Bir süreçten geçiyoruz, onun da hepimiz farkındayız. Lakin şundan katiyetle emin olun… Bu topraklarda yaşayan ve ülkesini seven hiç kimsenin ümitsizliğe kapılma hakkı yoktur. Biz ümitsizliği değil umudu büyütmek zorundayız. Birlikte, birlikte mücadele etmek zorundayız. Birlikte ve birlikte mücadele ettiğimizde göreceksiniz ki Türkiye’nin çözülmeyecek hiçbir sorunu yoktur.

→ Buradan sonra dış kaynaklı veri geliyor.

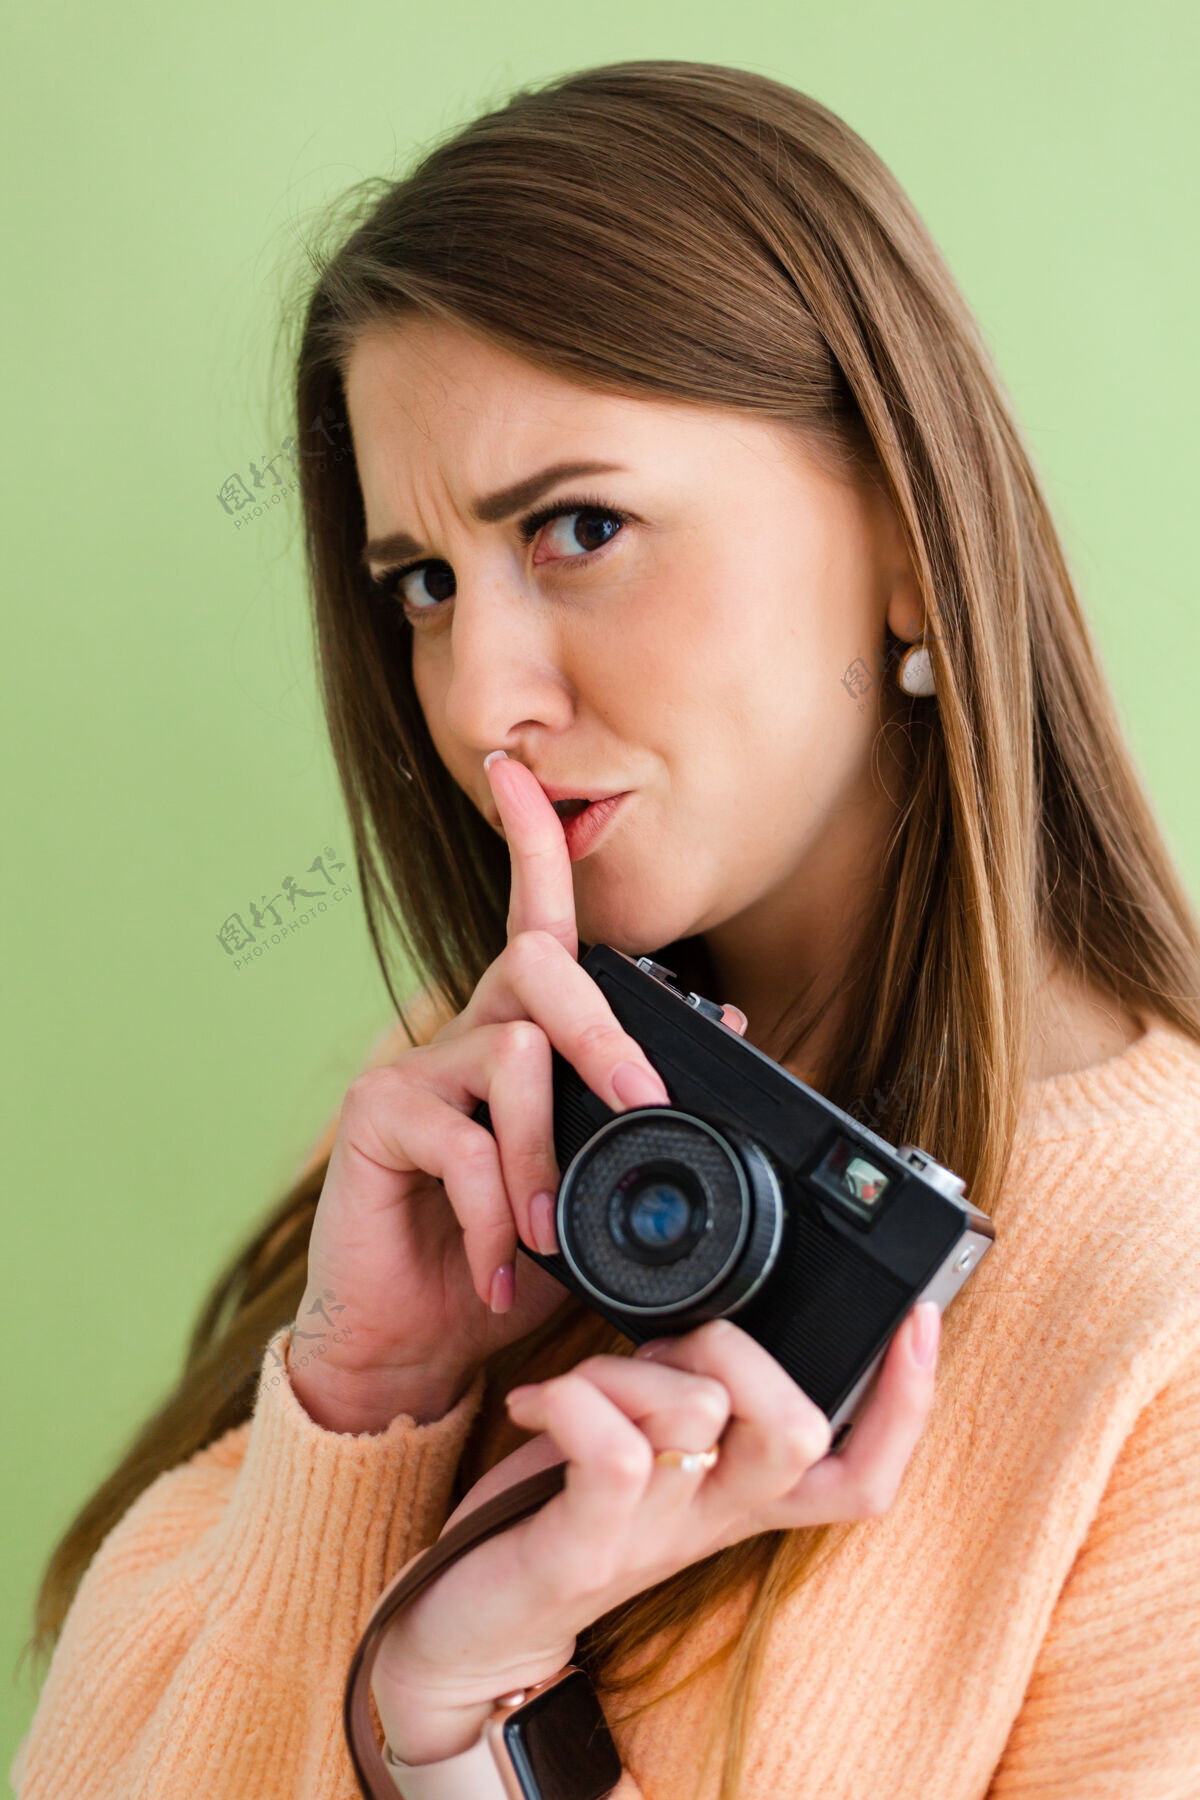 微笑漂亮的欧洲女人手里拿着相机 用手指表示嘘 沉默的手势摄影相机摄影师游客

Altı başkan bir ortadayız. Altı önder Türkiye’nin demokratikleşmesini istiyoruz. Altı önder Türkiye’nin dünyada saygınlığının korunmasını, büyümesini istiyoruz ve bunun mücadelesini istiyoruz. Bir ortadayız ve birlikteyiz. Öyle bozulacak… Masanın altı, masanın üstü… Bunların hiçbirisine inanmayın. Hepimizin yüreğinde insan sevgisi var. Hepimizin yüreğinde bu ülkeye gerçek manada demokrasiyi getirme konusunda bir inanç var. O inancı ve o umudu büyüteceğiz, kararlıyız. Buna emin olmanızı istiyorum.”